Any picture in the range stays out of the copy; retype exactly the lines from the one with "diseño de placa" to the end of the listing.

__Source data__
******
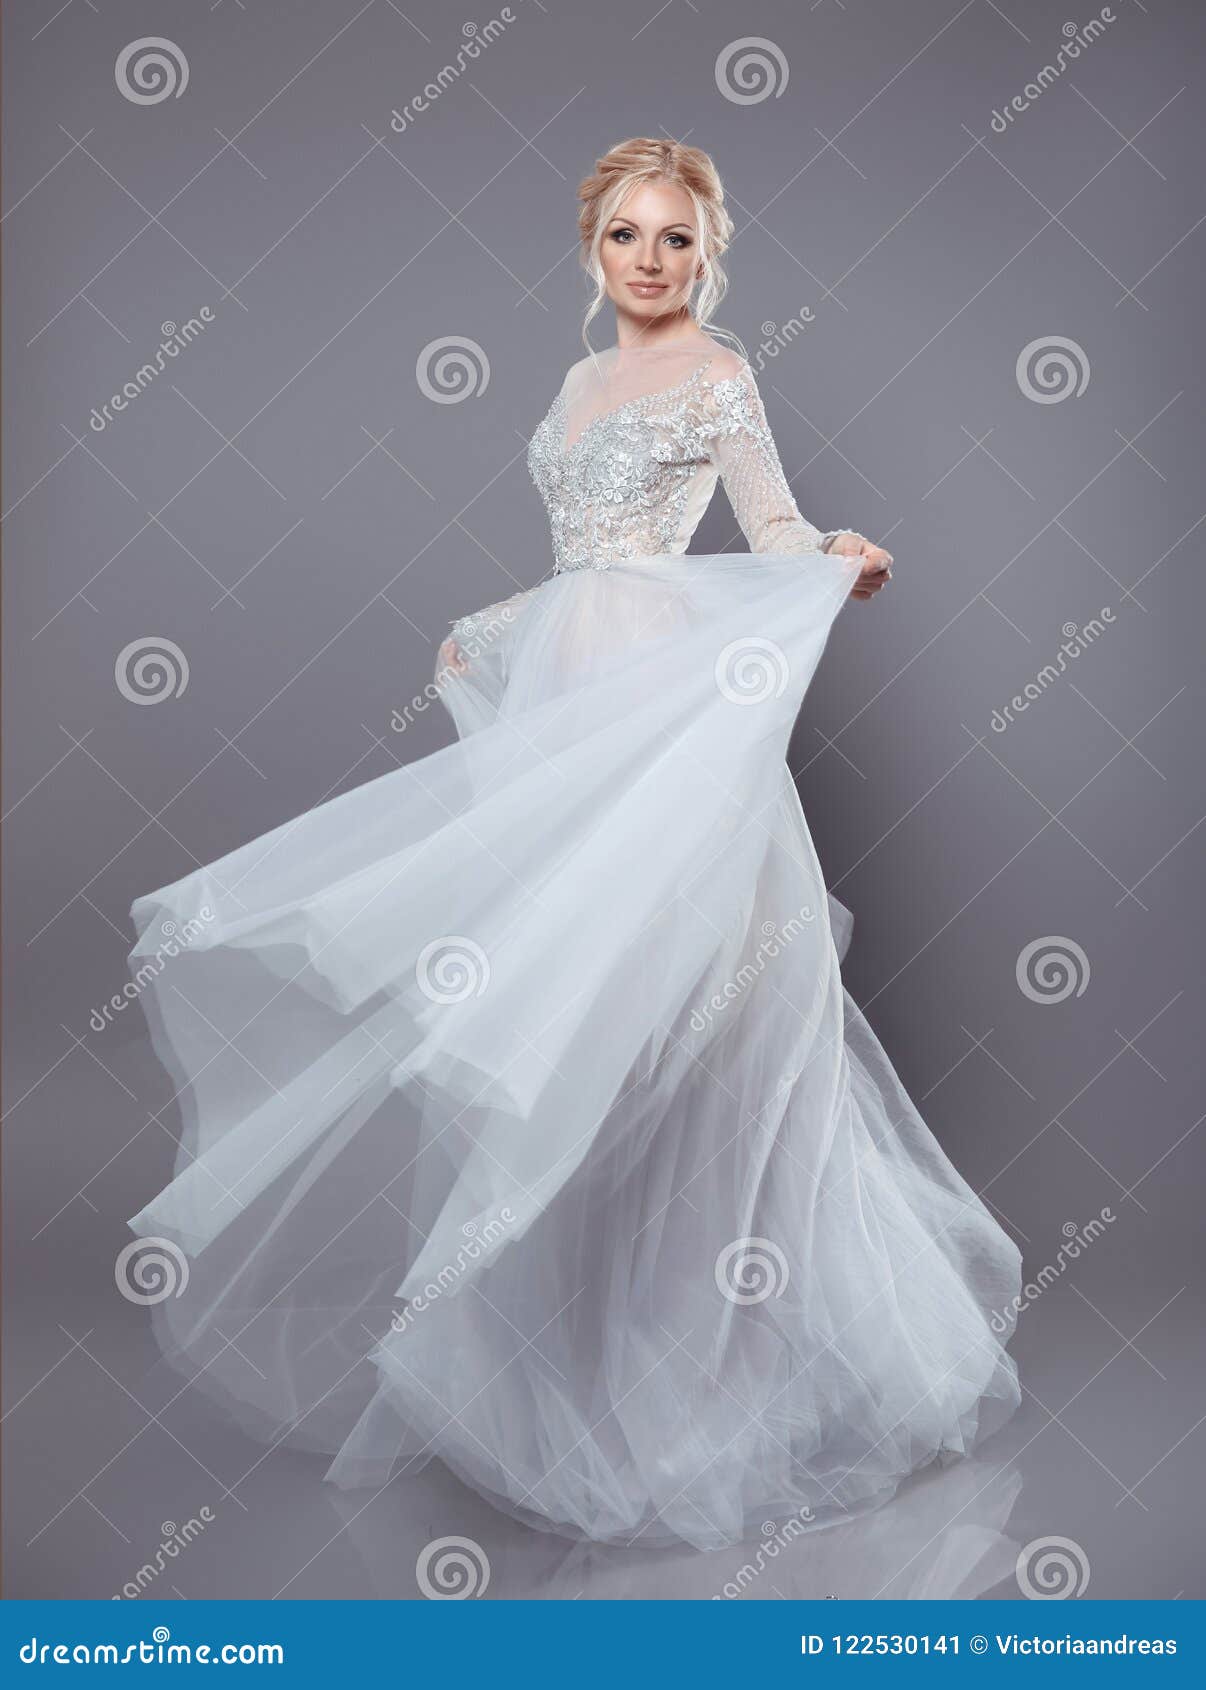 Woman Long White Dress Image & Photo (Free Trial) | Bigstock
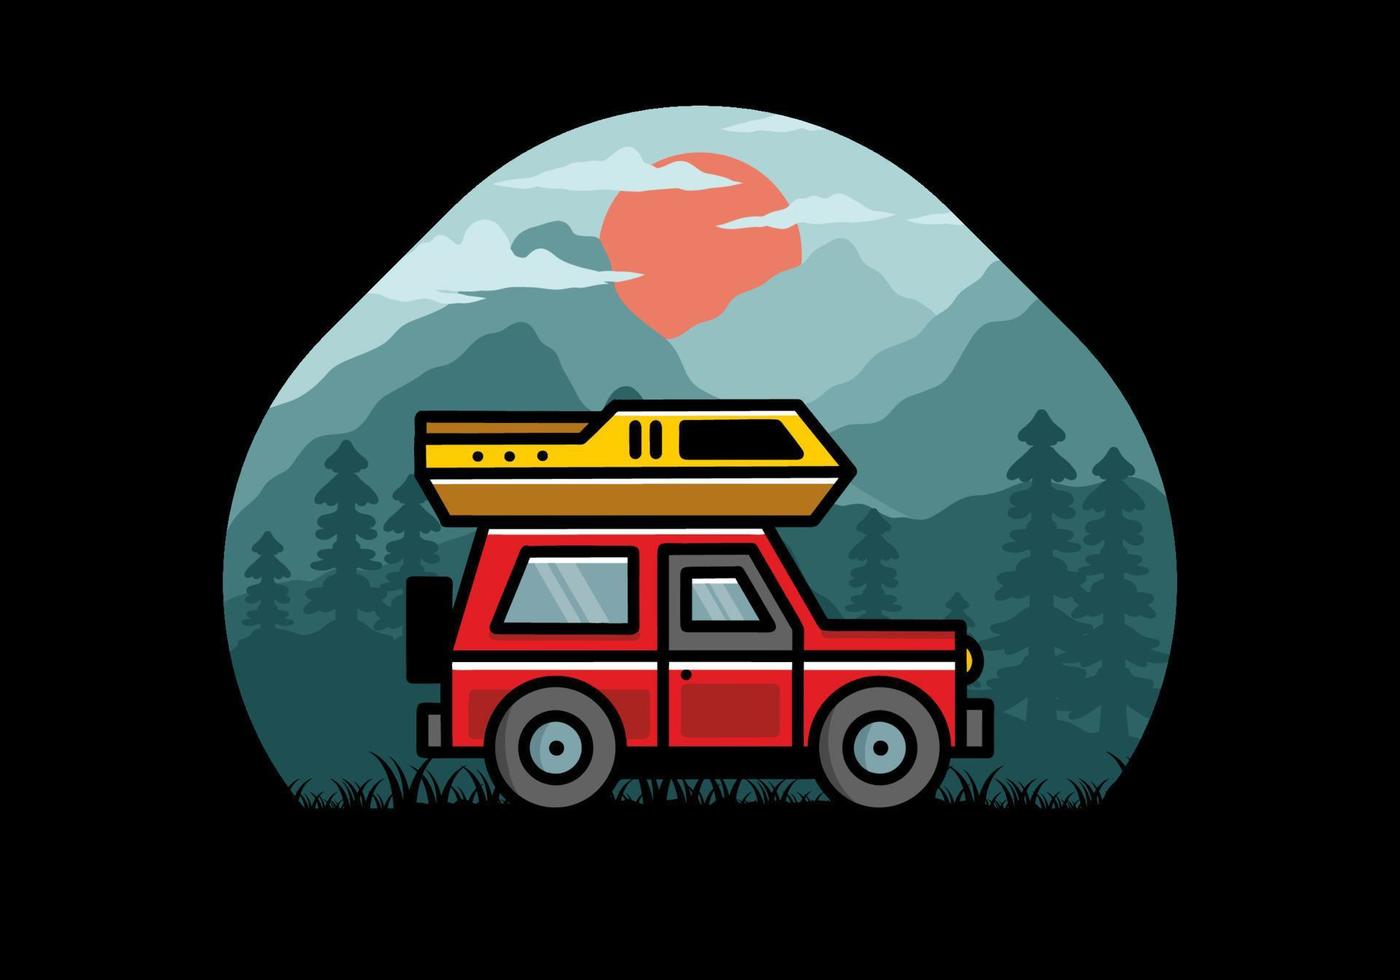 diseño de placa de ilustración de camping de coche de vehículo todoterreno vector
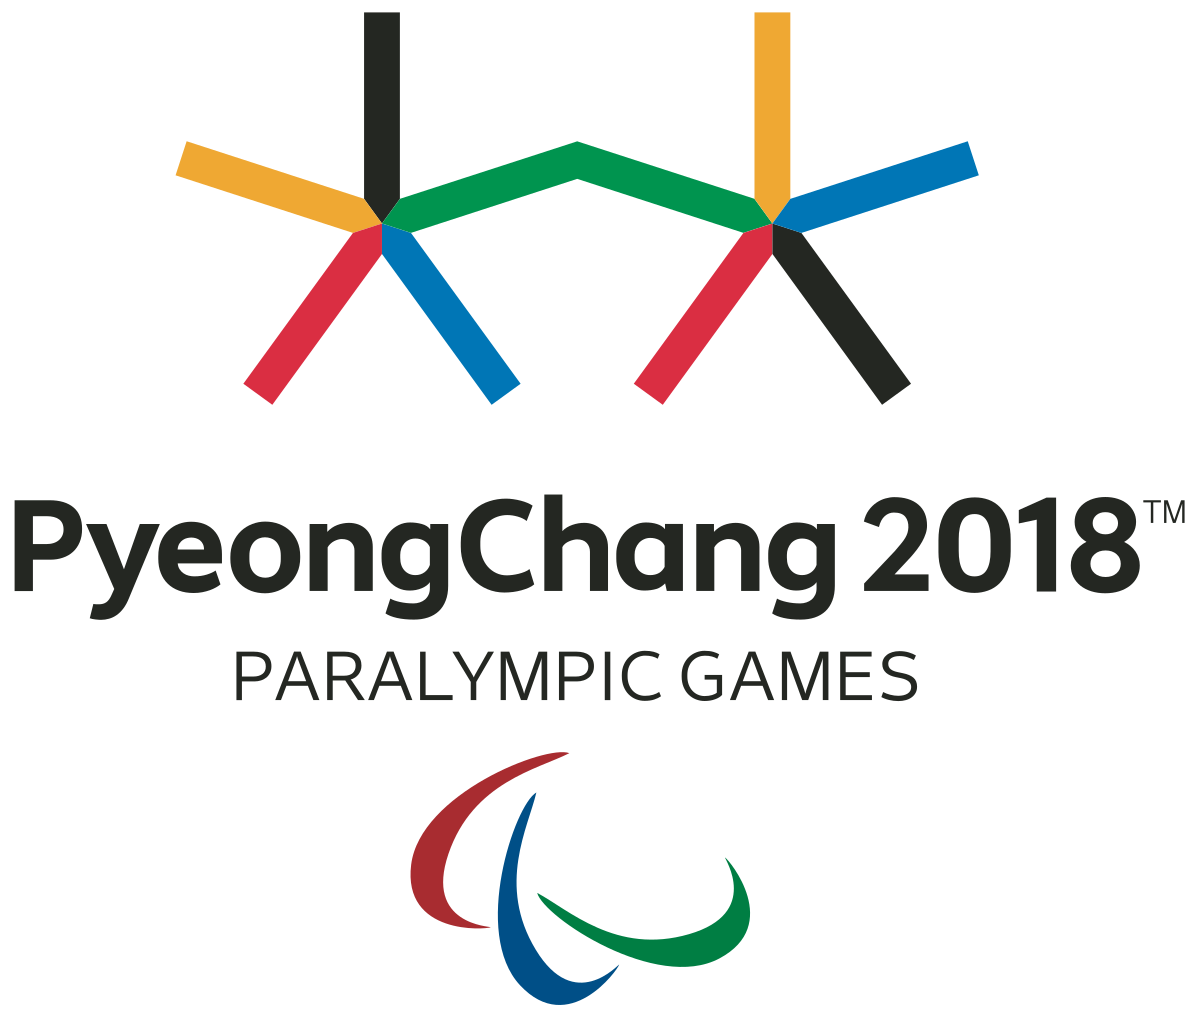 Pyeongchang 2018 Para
******
__Answer area__
 diseño de placa de ilustración de camping de coche de vehículo todoterreno vector
 Pyeongchang 2018 Para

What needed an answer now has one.